You do sometimes have to authenticate once for the session with your library - probably some ip number voodoo, but it's basically orgasmically simple to use and a thing of beauty.

Bookends (another mac programme) has a slightly clunkier way of getting pdfs, and i don't know if there is a way to handle rss feeds to get the contents quite so automatically. (I use it purely for formatting bibliographies because Papers has one click export to it.) Sente, the 3rd Mac programme, doesn't yet have ezproxy support, but apparently it's coming.

Oh, and Papers has a v. nice iPad version which syncs with your awesome Mac library of pdfs.

Honestly worth getting a mac just for this.

Mister Bister
posted by bister at 6:30 AM on April 27, 2010 [1 favorite]


Best answer: I asked my smartie techie librarian friend and he said...
Everyone seemed very focused on RSS, which makes sense given what it
does for journals in terms of alerting readers to new content. I
cannot claim to have solved the problems, but had these thoughts:

- Anything built to auto-download the PDFs would have to do so very,
very carefully. As you know, vendors are very wary of active
downloaders, and anything that looks like a bot coming through a
university IP will get shut down right away. So, if one can do what I
suggest below, then I would suggest putting in a time delay between
fetches so as not to run afoul of the watchdogs.

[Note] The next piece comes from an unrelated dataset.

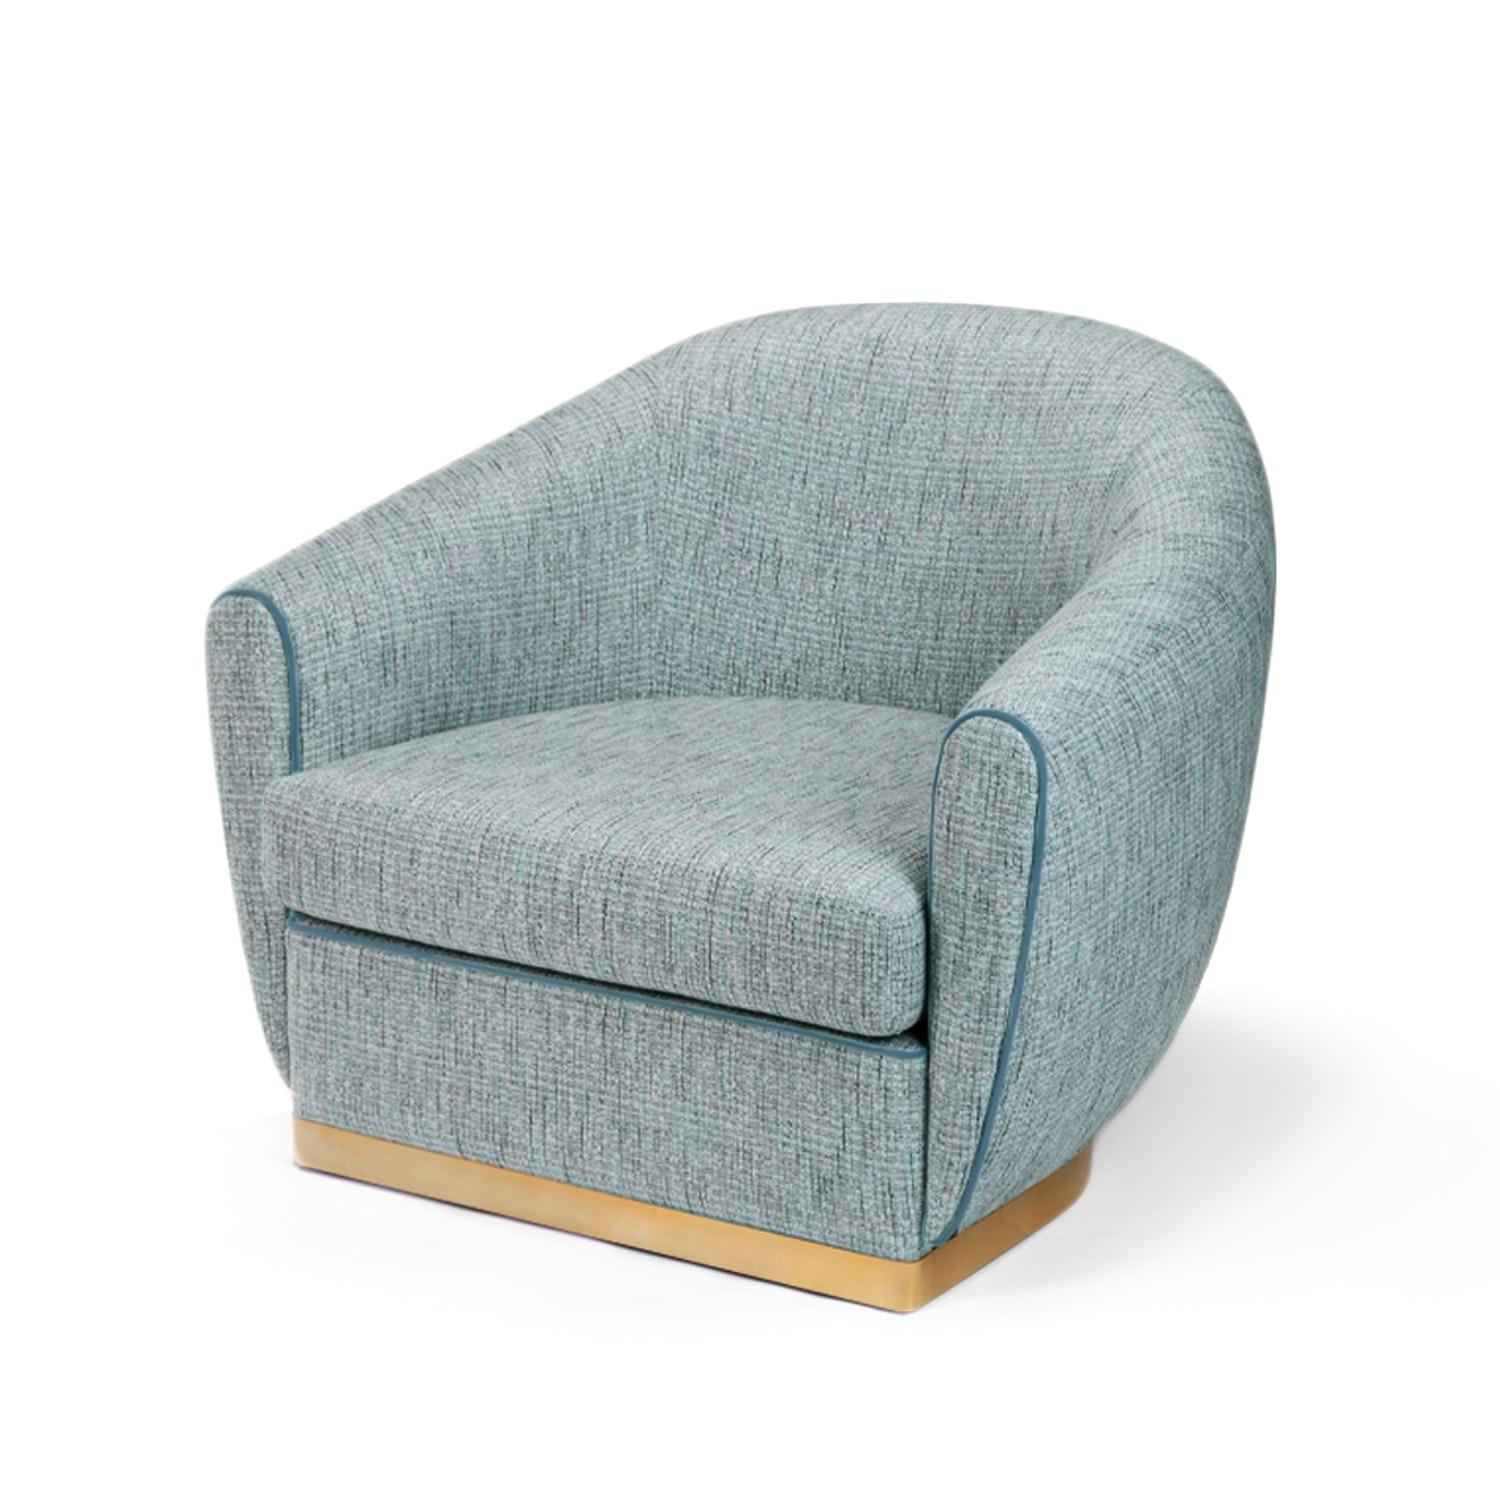 Der stilvolle und elegante Sessel Grace ist durch seine perfekte Verarbeitung äußerst bequem. Mit seinen glatten Kanten hat Grace definitiv ein vertrautes Retro-Gefühl. Eine perfekte Kombination aus hochkomfortabler und perfekt zugeschnittener

- So the pieces that occurred to me are as follows. The person with
the original question wanted these to just synch automatically to his
(her?) iPad. Well, Dropbox instantly came to mind. If I could have
some scripty thing on my desktop or laptop grabbing these files and
tossing them into a Dropbox folder, then the synching issue is solved
since they will be available on the iPad and anywhere else this person
installs the Dropbox app. One could even share the folder with
colleagues, friends, etc. Neat, if somewhat dubious from a legal
standpoint.

- This is either a Greasemonkey script--super hard and he/she would
need a programmer of some skill to write something flexible enough to
work with various interfaces without constant tinkering--or perhaps
better for something like Yahoo Pipes, where mere mortals can patch
stuff together. I am thinking along the lines of taking the RSS feeds
and then using the String RegEx Module to extract the URL (which the
feed would have, albeit likely to the publisher's abstract page), and
then modifying it with other String Modules to build the URL to the
PDF based on predictable patterns from the abstract URL. Then one just
needs an action that retrieves what is at the other end of that URL.
Somewhere at this point, I personally would say, oh bloody hell, I
will just subscribe to the feed and click through to get the articles
I want, but a halfway competent programmer could likely build a really
spiffy tool along these lines, slap the GPL on it, and let us all
profit from their genius.

The person who wrote in about Papers is basically, if I read it
correctly, talking about manual functionality that Zotero also
possesses, i.e.- the ability to go from citation to fulltext. But it
still requires user action. I cannot imagine the creators of Papers
building auto-download functionality into the software due to the
aforementioned watchdogs. One does not want to run afoul of some of
those larger firms and their lawyers.
posted by jessamyn at 2:01 PM on April 28, 2010


As those above have said, clicking through from the RSS or email TOC and then adding the reference is about as smooth as it gets, and to throw my hat in the ring too, Mendeley also works that way and has automatic syncing as well.
posted by Mr. Gunn at 5:43 PM on April 28, 2010


Response by poster: Thanks jessamyn, asking my library for help.